SMART LUBOBYA 20-Oct-10 7:09am    
block is a 4x4 matrix which i am transposing, manipulating through those two stages. but block is declared as a short of one column consisting of 16 elements. when i did it C++ my speed is 260ms, in MMX its 255ms sometimes sames as c++. i expected that it would be faster in MMX. here is the c++ equivalent.
for(j = 0; j < 16; j += 4)
{
/// 1st stage transform.
int s0 = (int)(block[j] + block[j+3]);
int s3 = (int)(block[j] - block[j+3]);
int s1 = (int)(block[j+1] + block[j+2]);
int s2 = (int)(block[j+1] - block[j+2]);

/// 2nd stage transform.
block[j] = (short)(s0 + s1);
block[j+2] = (short)(s0 - s1);
block[j+1] = (short)(s2 + (s3 << 1));
block[j+3] = (short)(s3 - (s2 << 1));
}//end for j...

you can make it faster by not casting and not using void * ptr.
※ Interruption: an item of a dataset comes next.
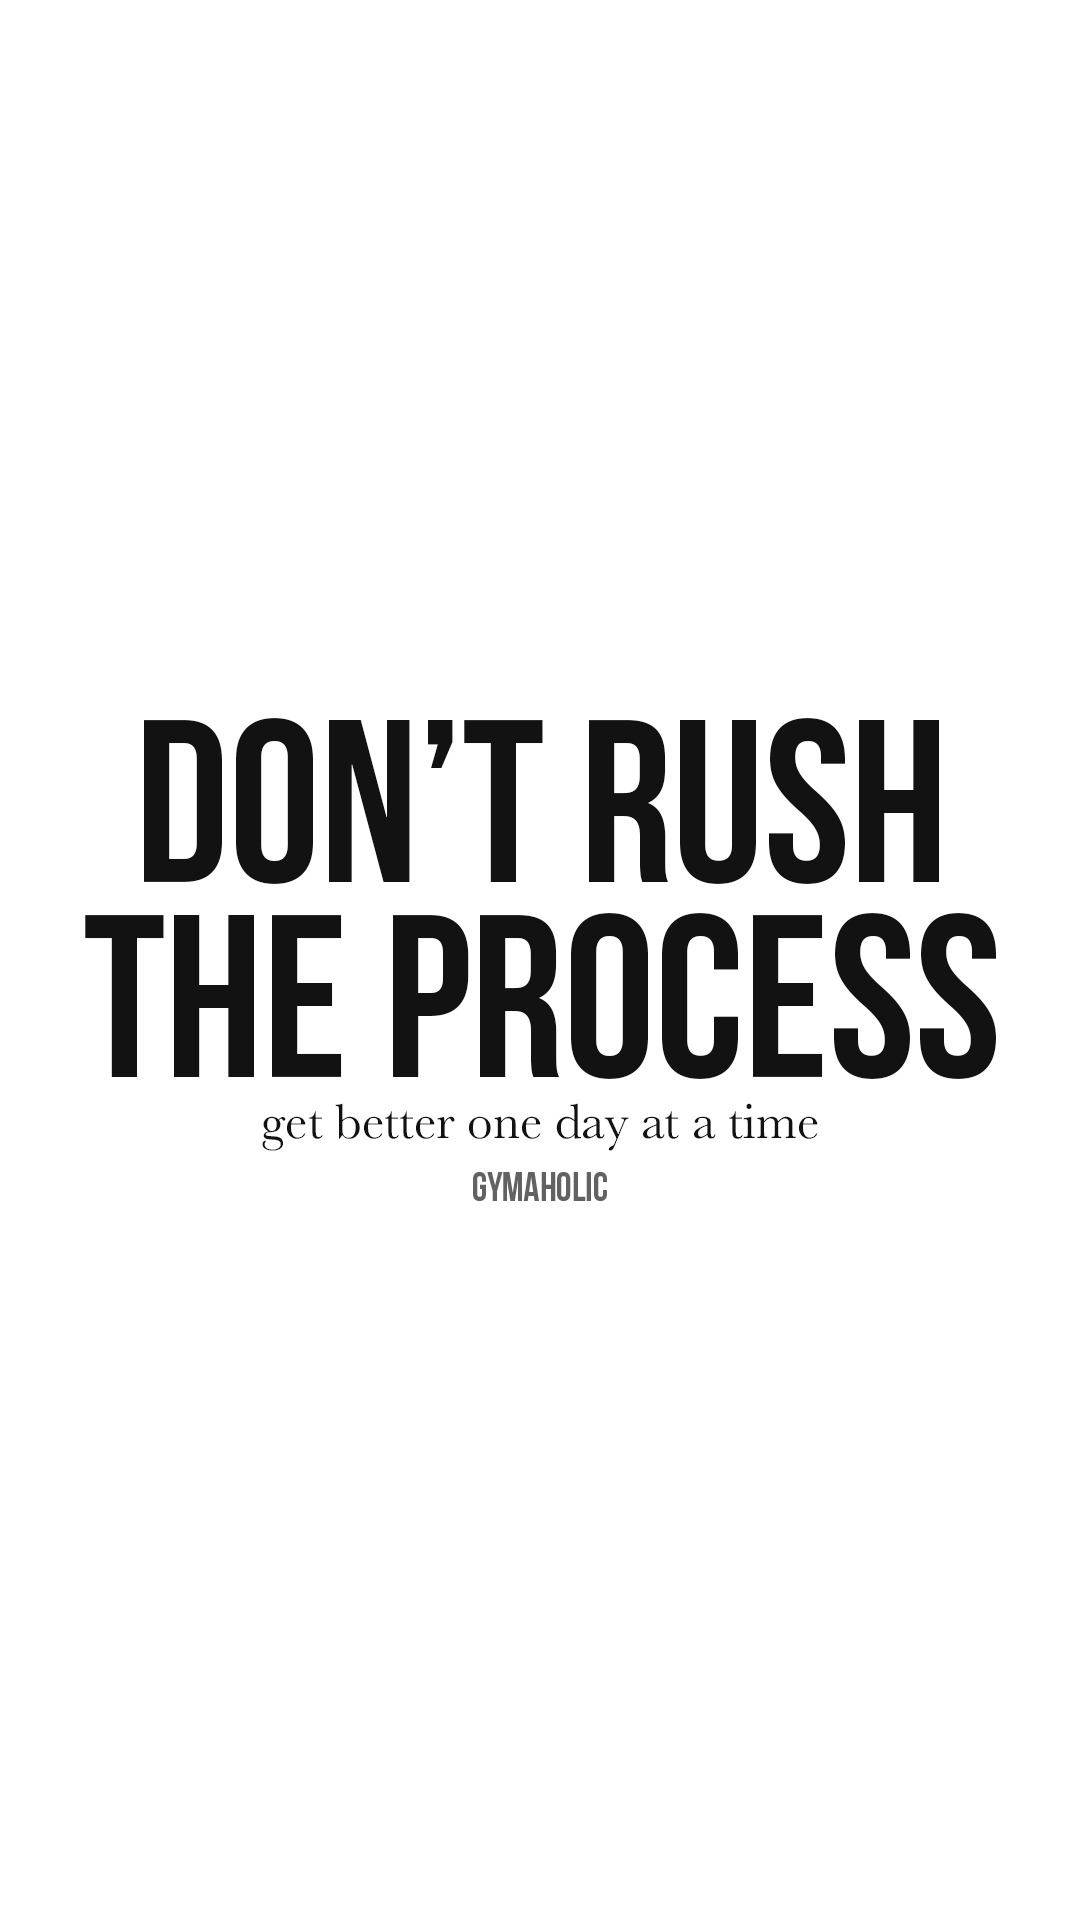 Don’t rush the process

That is not easily optimizeably code for the compiler.
 
Share this answer
 
The _mm_empty(); (assembly instruction: emms) is an expensive instruction that takes quite some cycles. If you use it in a loop you might consider adding that loop into this method so you can skip it until you're completely done (as long as you don't use any FP instructions)

Good luck!
 
Share this answer
 
Comments
SMART LUBOBYA 20-Oct-10 11:14am    
if i am use assembly how do load the elements ie block[j] loads first column, block[j+1] second column etc. i am not sure how to treat the j.
E.F. Nijboer 21-Oct-10 12:13pm    
In your code I'm not sure what j is for anyway. I think the following article could get you going:
http://www.codeproject.com/KB/recipes/mmxintro.aspx

This content, along with any associated source code and files, is licensed under The Code Project Open License (CPOL)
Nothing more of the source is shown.